Startups need not have fullstrength boards and the founders themselves could be the directors with rotational chair roles. It does not really matter who the
designated chair is. Yes, these boards may not have much diversity, inclusion, or wider expertise in areas other than the uniform tech skills they share. Scaling up skills, governance, human capital, systems and processes and such will be largely absent. There will be fewer executive directors in startups-on-steroid in comparison to other established companies. Most startups also don’t have a clue on board committees. Clearly, regulatory dynamics, oversight and audit aren’t the priorities for such boards – Managing growth and scaling up are. Not surprisingly, a recent survey found board and governance at 49th in the top 100 things founders lose sleep on.
While deep-pocketed investors demand a board role in the startups, they are unable to invest enough time for governance. The misalignment between funders and founders needs governance.

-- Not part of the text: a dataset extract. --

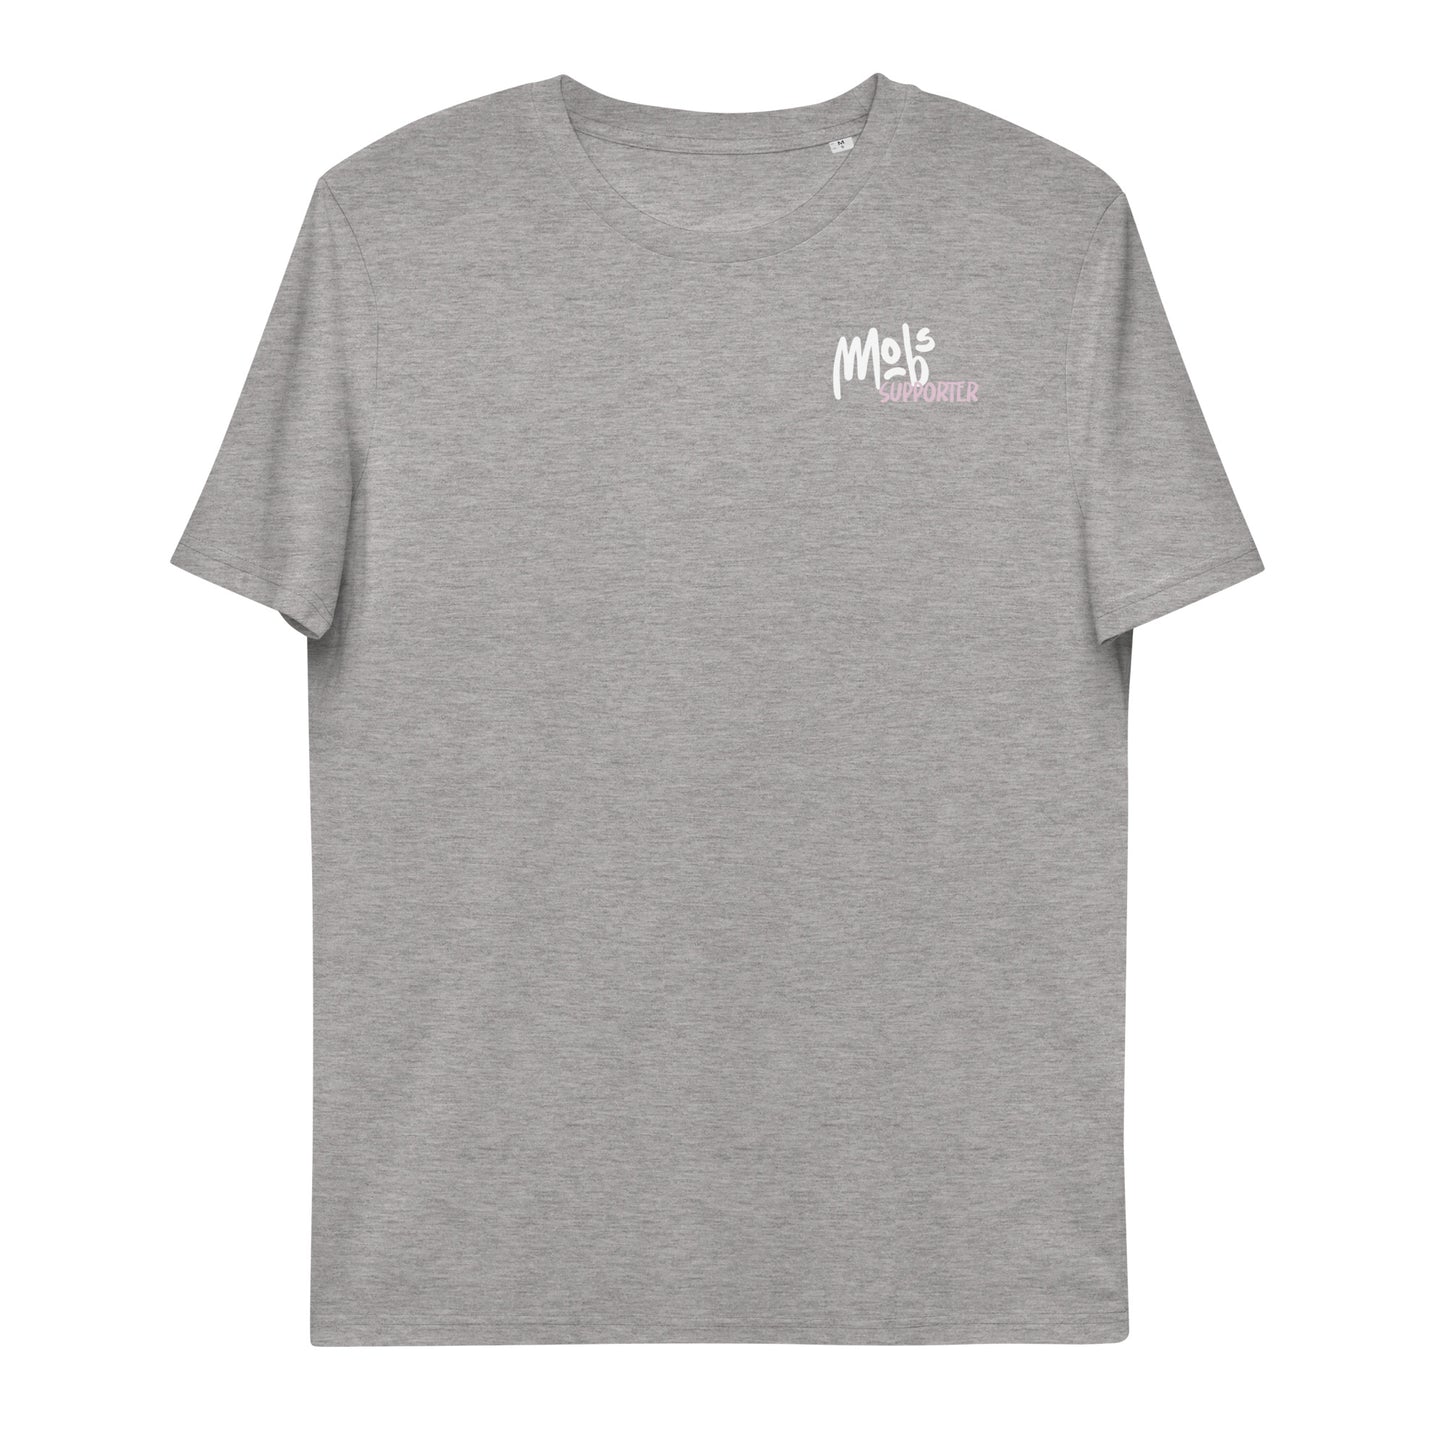 Mobs Supporter Unisex-Bio-Baumwoll-T-Shirt

Unicorn boards must evaluate a few things to steer the shift from valuation to value creation. Check how the equity and voting rights are vested, and how it affects the governance issues in the growth phase. At what point should independent directors be invited in – too many internal directors create tunnel vision and external expertise may be needed at some point. Should the chair be the founder/CEO or should the roles be separated? Should the board size be increased at the growth stage itself or at the preIPO stage? With a billion dollar valuation, audit, compensation, and nomination committees must be constituted.

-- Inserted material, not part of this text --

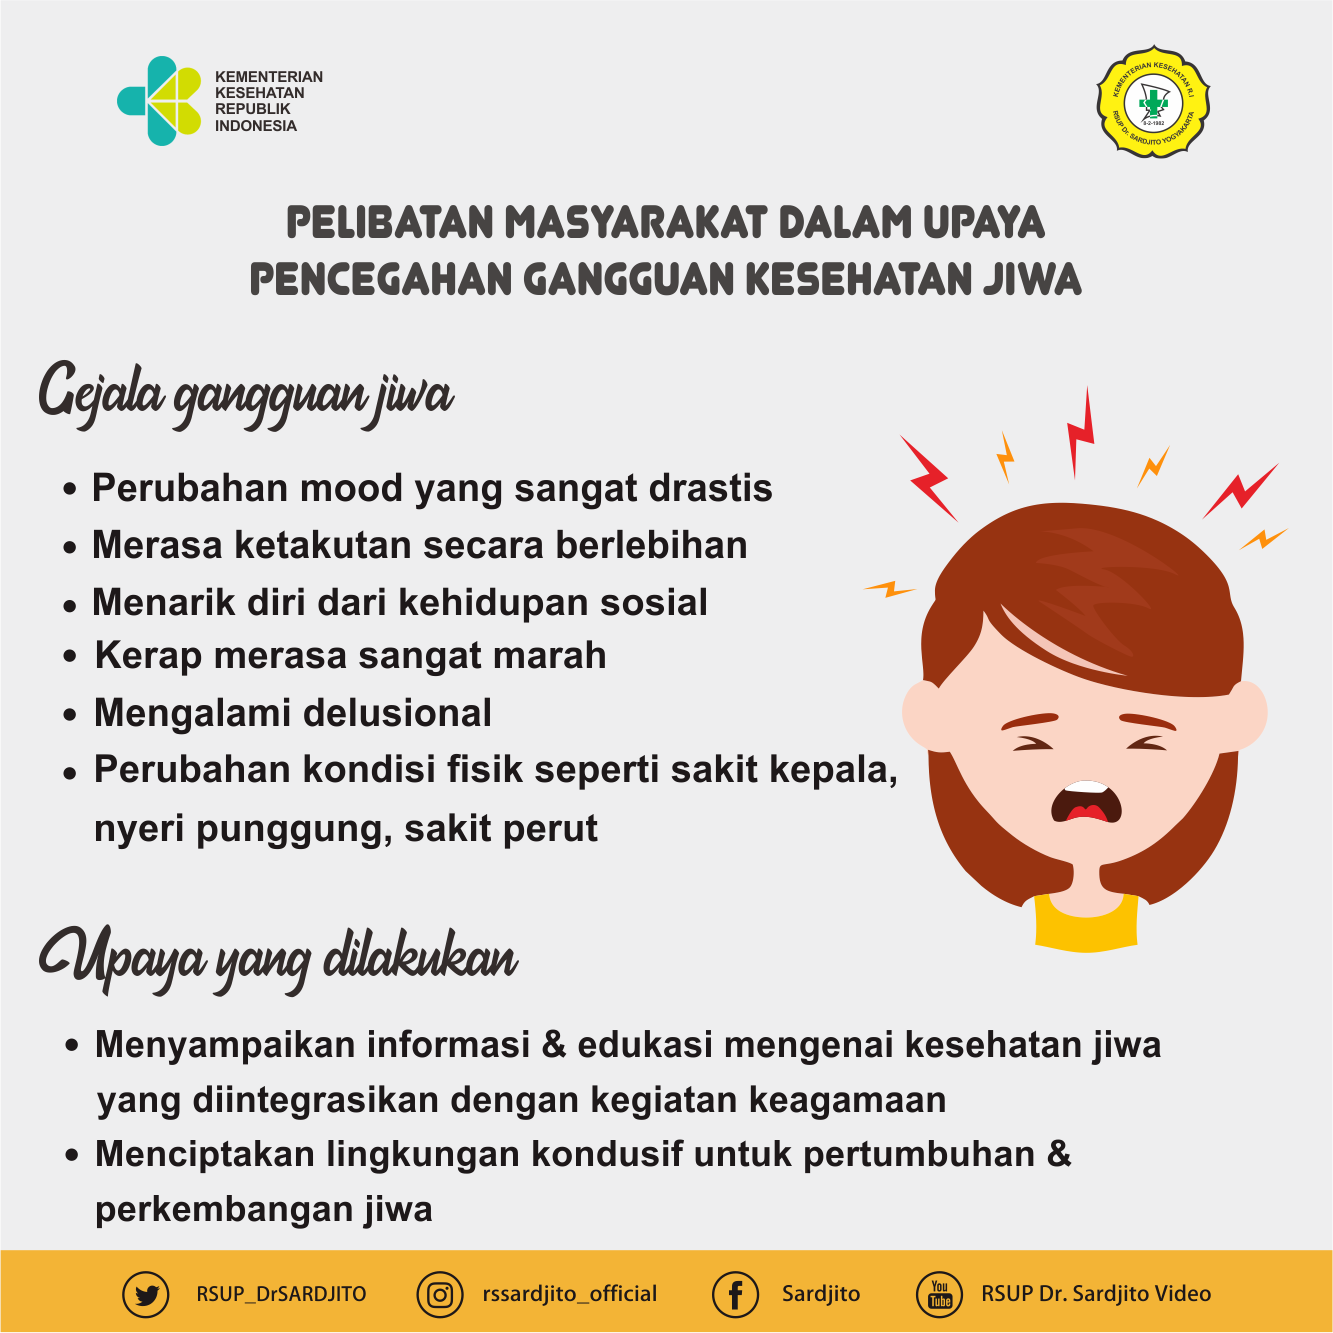 Indonesia Darurat Kesehatan Mental? 10 Fakta Kesehatan Mental Menurut WHO

Investors will also have to think how to upskill the founders who may be young and/or have no experience with board roles, and decide how to balance this with their key expertise so needed for creating value. On their part, the founders must imbibe the value of driving purposeful growth and not take IPO as the be-all and end-all. Governance will involve a lot of paperwork for which few founders will have the stomach.
Having certain control systems will help in growing professionally, and can attract the right kind of investors at different growth stages. Another critical governance issue is the discipline of distributing shares and options. Have a clearly articulated document on allocation that can help prompt investor decisions.
Creating the right governance for value creation will benefit both economic and social outcomes but doing it without killing innovation and entrepreneurship will be key to driving win-win all around.